Earl Alexander Rose (born September 5, 1946) is an American composer, pianist, arranger, and conductor. In addition to writing scores for film and television, he has also written several well-known Pop and R&B songs. His film scores include Always at the Carlyle, Johnny Carson: King of Late Night, a PBS American Masters presentation, and the Peabody Winning documentary, Inventing L.A.: The Chandlers and Their Times.

Early life 
Rose was born and raised in New York City and began taking music and piano lessons at the age of seven. He attended and graduated from the Mannes College of Music with a major in piano in 1970, having studied with Frances Dillon and Edith Oppens. During his second year of college, he studied at the Vienna Academy of Music. He also studied conducting at the Juilliard School.

Life and career 
Rose began his composing and conducting career while still in college in the late 1960s, as assistant music conductor for NBC's The Tonight Show starring Johnny Carson, when the show was based in New York. He continued a part-time affiliation with the show until Carson's departure in 1992. Beginning in 1976, one of his first television composing credits was co-writing songs with lyricist Judy Spencer for the CBS television series, Captain Kangaroo. In 1981, he composed the score for the television movie, Thin Ice, and in 1986, he wrote for ABC television's Dick Cavett Show. Rose was the composer for ABC television's Ryan's Hope series between 1983 and 1989. He also wrote for ABC's series All My Children from 1990 to 1995.

Beginning in 2002, Rose composed scores for over a dozen History Channel and A&E Television documentaries and mini-series, including Masada, Wake Island: Alamo of the Pacific, The Presidents, Remember the Alamo, and In The Shadow Of Cold Mountain. In 1996, he began composing scores for documentary films written and directed by Peter Jones. These include Ballyhoo: The Hollywood Sideshow, Stardust: The Bette Davis Story, Inventing L.A.: The Chandlers and Their Times, and Johnny Carson: King of Late Night.

His music has been featured on TV shows such as American Woman, Shameless, The Brave, The Magicians, Pan Am, The West Wing, ER, Sex and The City, and many others. In 2008, he was the pianist for the TV special, A Colbert Christmas: The Greatest Gift of All, accompanying Elvis Costello, Jon Stewart and Stephen Colbert.

Rose's other film score credits include Mad Dog Time, and original music featured in New Year's Eve, About Schmidt, White Oleander, and Gunshy. He wrote the song arrangements for The Object of My Affection.

Rose's songwriting and recording credits include co-writing "Right From the Heart", recorded by Johnny Mathis, "Every Beat of My Heart", co-written and recorded by Brian McKnight, "I Found Love", co-written and recorded by Peabo Bryson, and the Emmy Winning and platinum-selling song, "Love Is A Gift", recorded by Olivia Newton-John and co-written with Victoria Shaw and Olivia Newton-John.

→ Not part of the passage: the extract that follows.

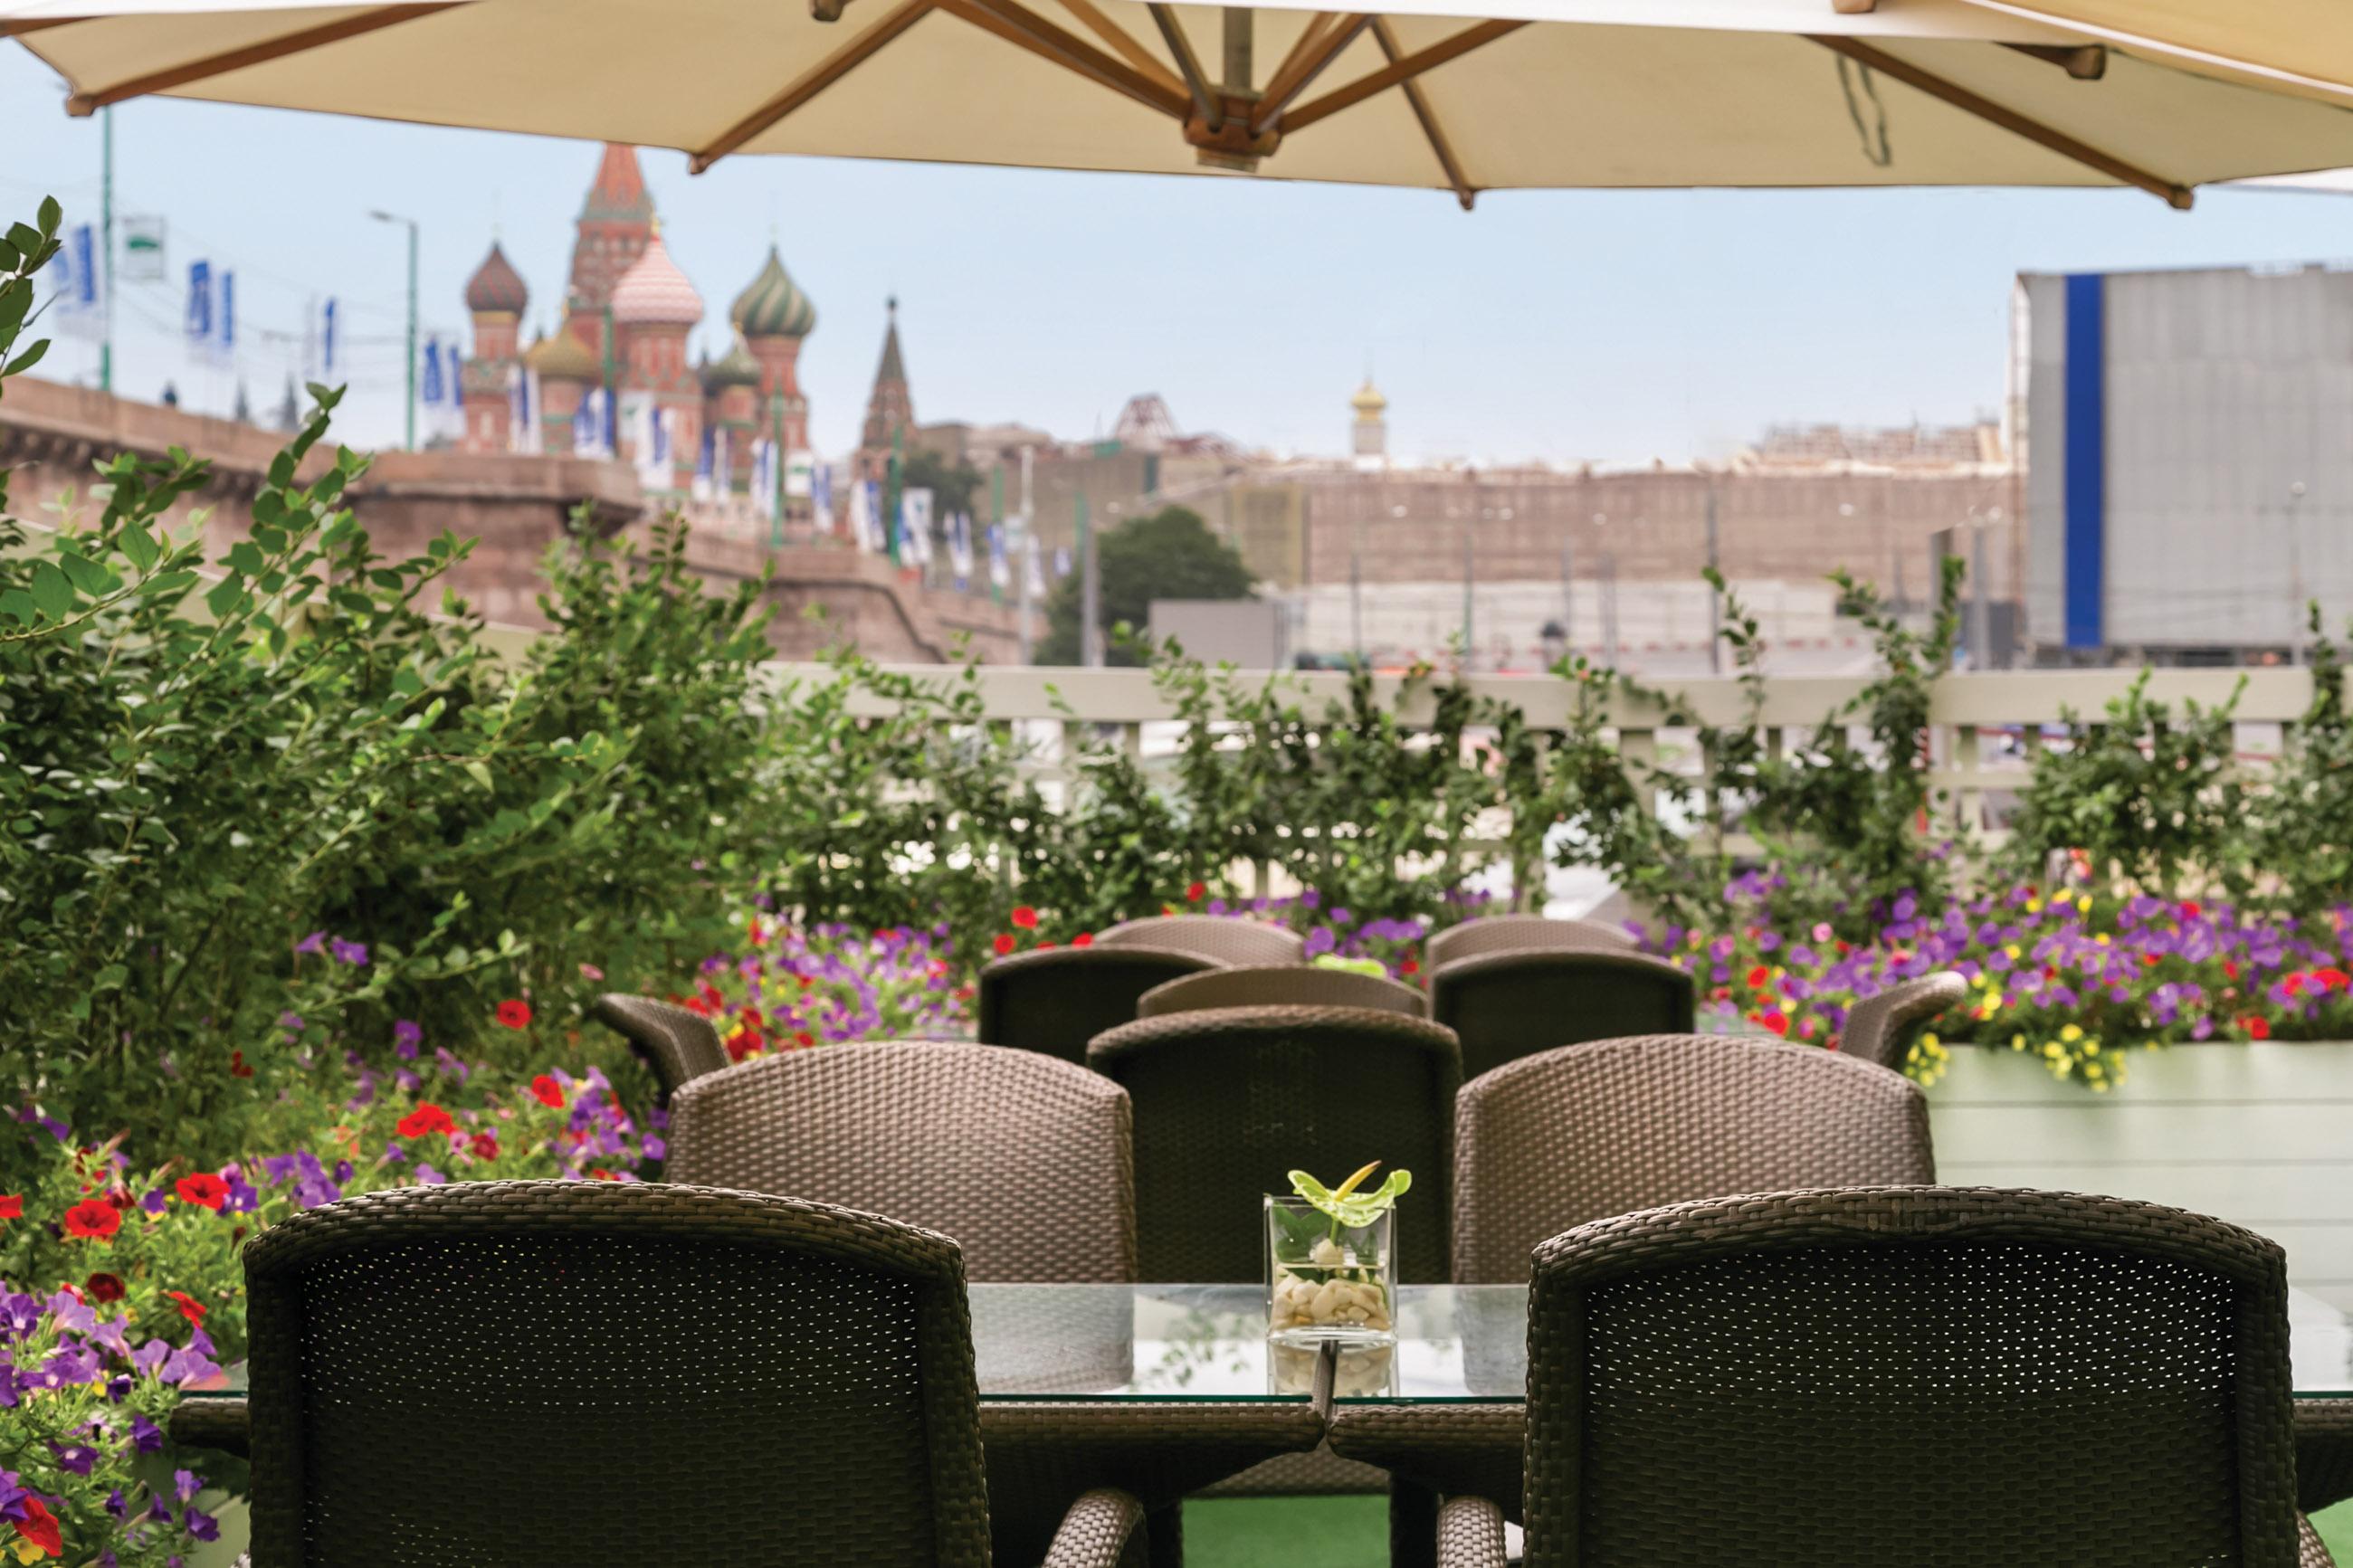 https://bubo.sk/uploads/galleries/5056/kempinski_moskva_rusko_highrez_summer_terrace.jpg

Rose has received numerous accolades for his music, including 13 Daytime Emmy Award nominations, winning one, and a News and Documentary Emmy Award nomination. He has also won three ASCAP awards for composing one of the five most performed songs on television.

As a conductor and pianist, Rose's guest appearances have included the Pacific Symphony, Jacksonville Symphony, Corpus Christi Symphony, Erie Philharmonic, Lubbock Symphony and the San Angelo Symphony. In addition, during the 1990 to 1991 concert season, he performed in and conducted the Columbia Artist Festival's concert presentation, The Irving Berlin Century, in 106 US cities.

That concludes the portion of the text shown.